Imitation

Imitation is a model of learning that happens through observation and isn’t conditioned on the system of punishments and rewards.

          Influence of Imitation on the Child’s Socialization

James Mark Baldwin viewed the development of the self as a process between the self and the outside world. Baldwin saw the processes of "ejection", "adaptation," and "imitation" as key to building the self. Georg H. Mead argued that there are two phases in the process of socialization of a child, through which his self is formed. In the earliest period of development, the child is in the "play" phase. During the "play", the child internalizes and imitates certain roles that are related to various social acts. In this phase, it takes on various social roles by taking on, during the play, the role of doctor, warrior, mother, father, or any other role. 

Albert Bandura, in Social Learning Theory (1977),  investigates the determinants and mechanisms of observational learning (imitation). Bandura divided the models that people orient themselves to into three types: living (the behavior of a real person), symbolic (e.g., a character from a movie), and verbal (the behavior of a person in a story or novel). He believes that in the second half of the twentieth century, the importance of symbolic models increased due to the increase in the availability of technology and electronic media. He argues that imitation can lead to the adoption of new responses and the facilitation or inhibition of previously existing responses. A child will copy the behavior of observed models who are rewarded and restraines from imitating models that are punished.
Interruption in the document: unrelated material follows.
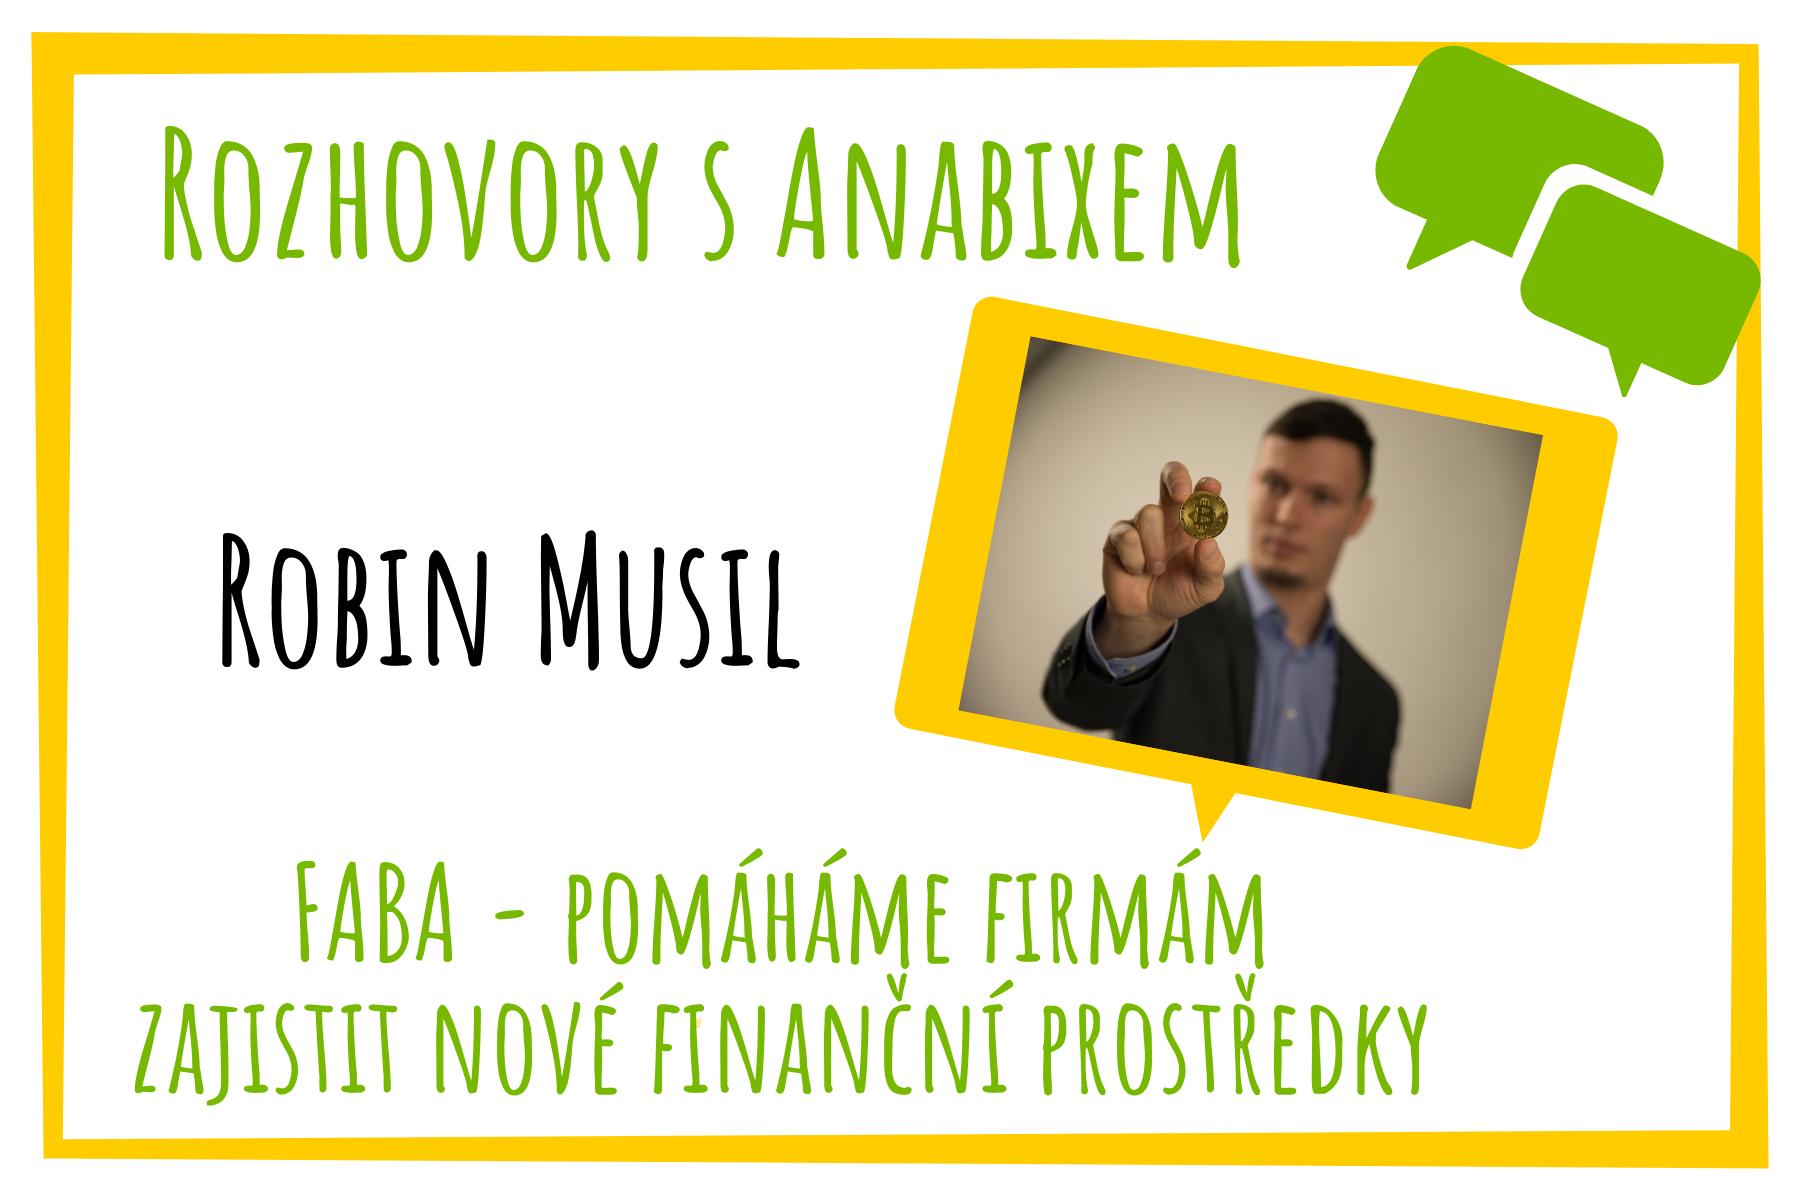 Rozhovory sAnabixem - Robin Musil

                         Influence of Imitation on Society

Gabriel Tarde believed that the process of imitation (predisposition to act acquired during socialization) is a factor that can explain the difference between high and low crime rates in a given population. Social factors that encourage the imitation of criminal behavior include living in overcrowded suburbs or staying in prison. Tarde extended the process of imitation to the whole of society and thus came to methodological individualism, which serves as the basis for his macro-social theory.

Maksim Kovalevsky stressed the importance of the leadership manifested in individuals with great mental and creative energy and great initiative, as it enables the emergence ("invention") of new forms of behavior, which through imitation and adaptation spread throughout society and turn into social institutions.

Walter Bagehot argued that people in the "preliminary" stage of civilization were directed by imitation, customs, and religion, which all reinforced conformity and precluded novel variations from emerging which brought a period of long stagnation. 

References:

Baldwin. Elements of Psychology (1893);

     -     Mental Development in the Child and the Race (1895);

     -     Social and Ethical Interpretations in Mental Development (1897);

     -     Story of the Mind (1898);

Chodorow. The Reproduction of Mothering: Psychoanalysis and the Sociology of Gender (1978);

Gellner. Plough, Sword and the Book: The Strucuture of Human History (1988);

Giddings. The Principles of Sociology (1896); 

     -     The Theory of Socialization (1897);

Mead. Mind, Self, and Society: From the Standpoint of a Social Behaviorist (1934);

     -     The Philosophy of the Act (1938);

Pareto. Sociological Writings (1966);

Tarde. The Laws of Imitation (2013, in French (1890).